If you are interested in ensuring that the social security surpluses
are saved and invested for social security, then personal retirement
accounts are the answer.  Personal accounts that are funded by
workers' payroll taxes and owned by workers provide a lock box with
(using your term) "teeth."  Once the funds are invested by workers,
they are available only to finance workers' future retirement
incomes.  The government has no further access to or claim on these
funds and must look elsewhere for back-door ways to fund pet
projects.

Is it gamesmanship?  Only if one considers it gamesmanship to
respond to the President's call to "save 62% of the surplus" for
social security--while preparing to spend part of the social security
surpluses on other government activities--with a bill (not a call)
intended to make it more difficult to spend any of the social
security surpluses on anything but social security.

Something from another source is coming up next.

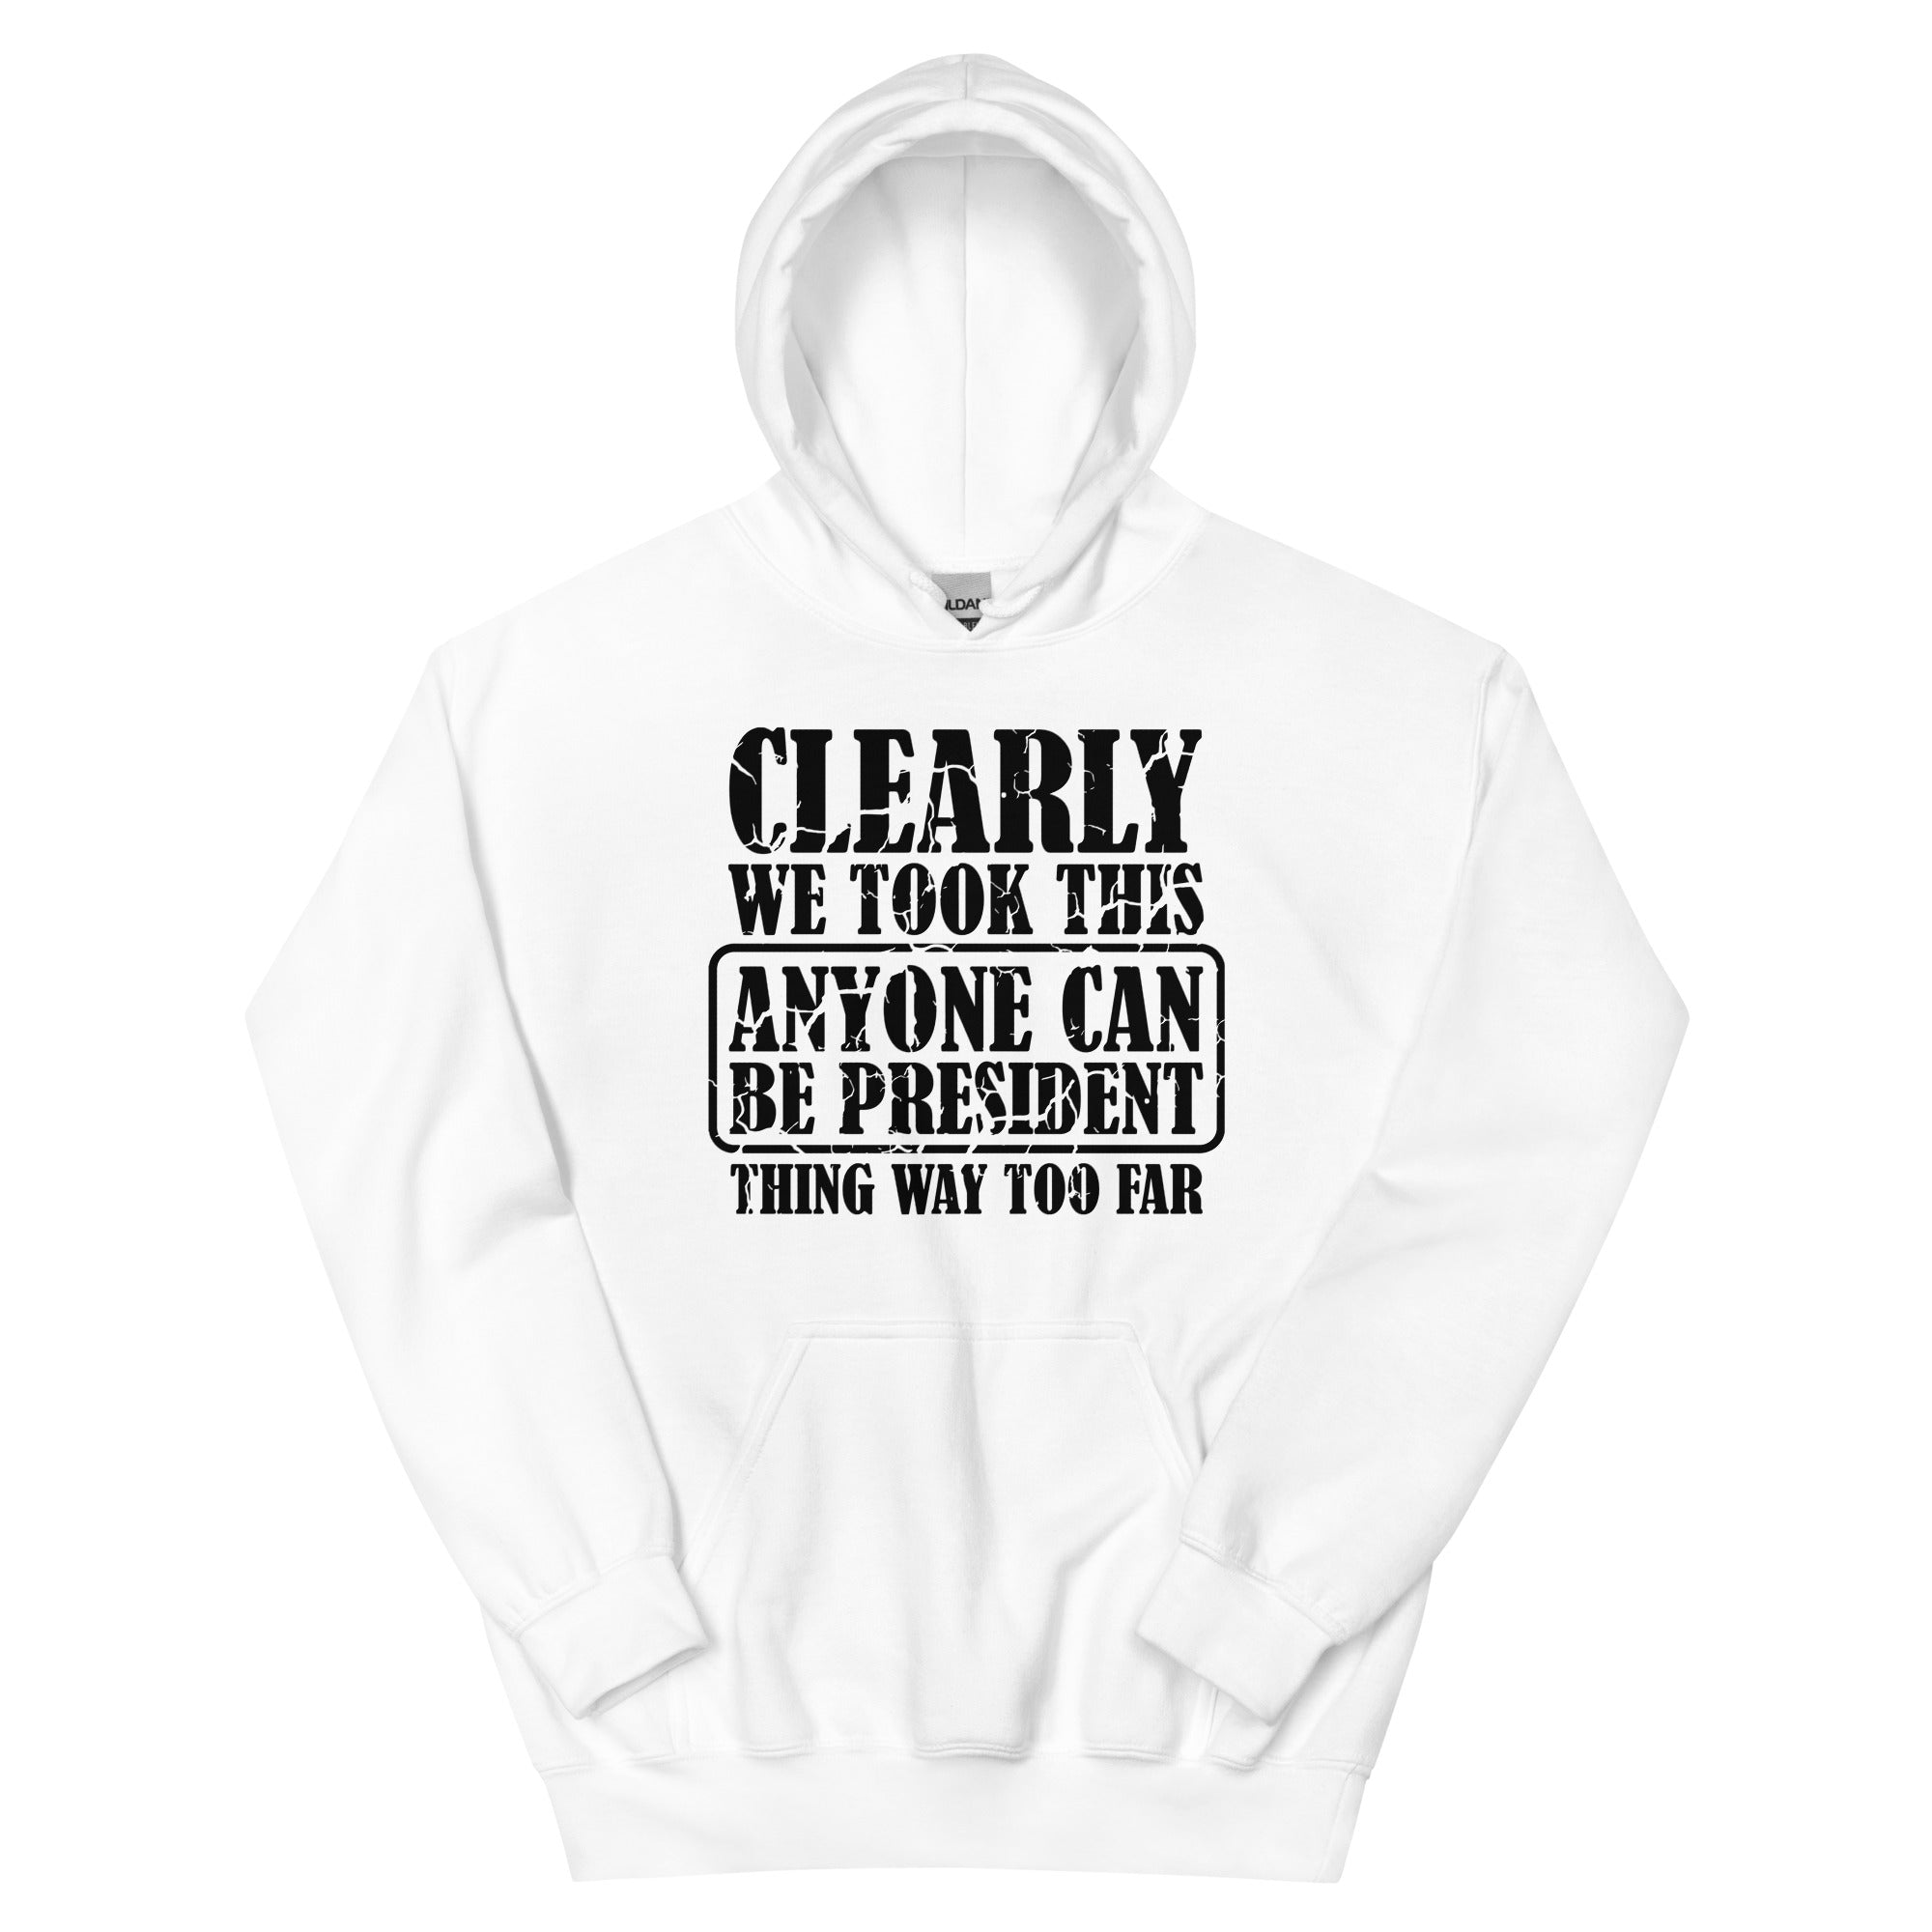 Anyone Can Be President - Unisex Hoodie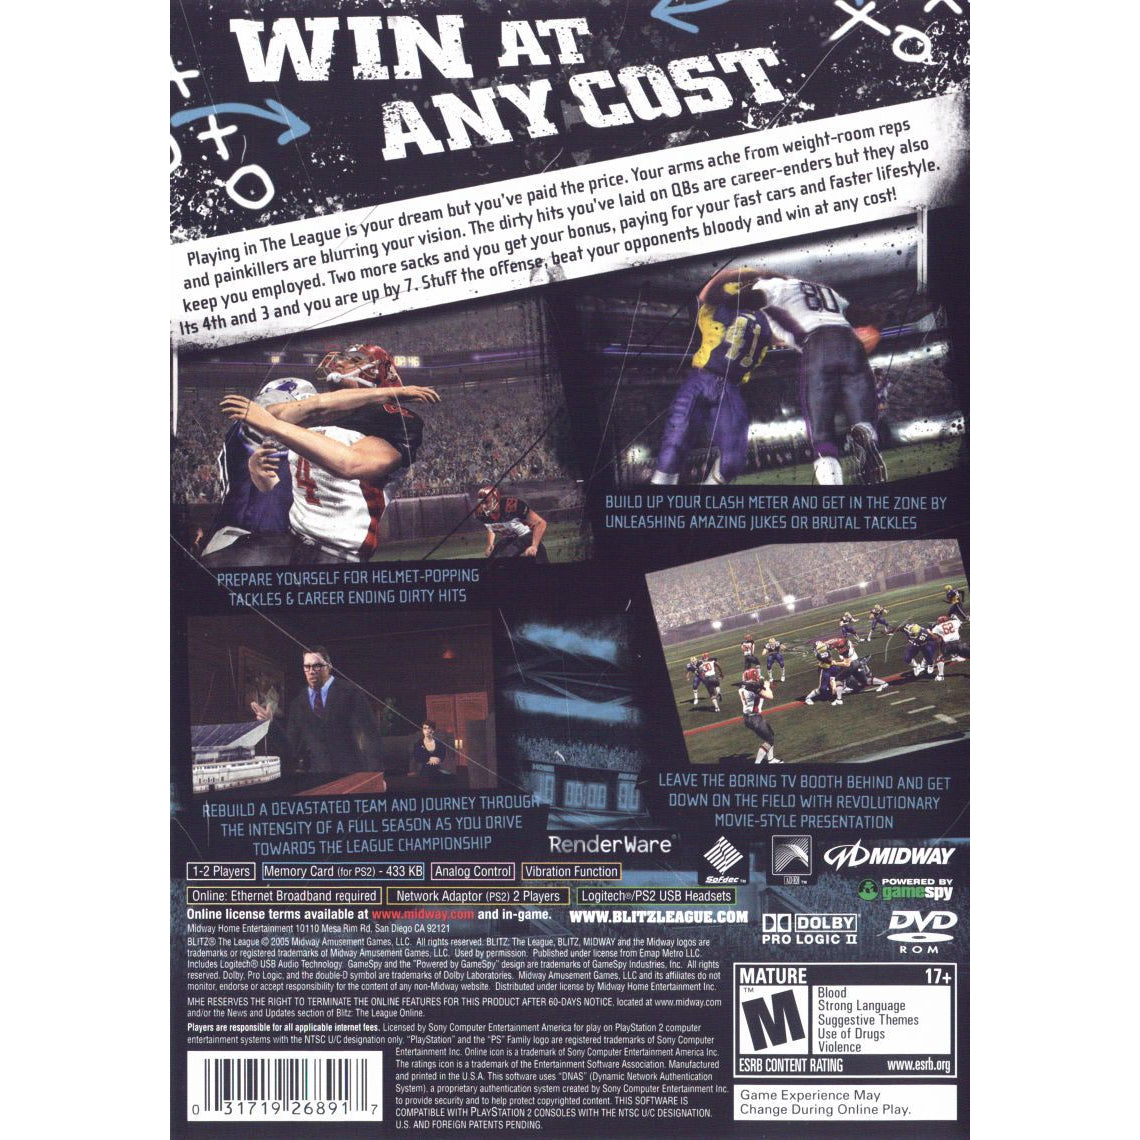 Blitz: The League - PlayStation 2 (PS2) Game Complete - YourGamingShop.com - Buy, Sell, Trade Video Games Online. 120 Day Warranty. Satisfaction Guaranteed.

The answer to your second question really depends on the proposal
and on what the general revenues are being used for.  It also
depends on whether you are interested in the effects of general
revenue financing on the overall budget--which would be determined
by the way various provisions were "scored" by budget committee
types--or whether you are really interested in its effects on the
government's overall indebtness, which is more pertinent to assessing
economic effects.   Different proposals can have widely different
effects on the overall budget as well as on the government's real
indebtedness.

The point I'd like to leave everyone with is that general revenues
(or explicit debt) should be used for purposes of easing the
transition to personal accounts.  It is reasonable and proper to
spread the burden of unfunded benefit promises extended in the
past.  It makes no sense to use general revenues (or explicit debt)
to fund personal accounts.  Accounts that are owned by individual
workers should be funded by individual workers.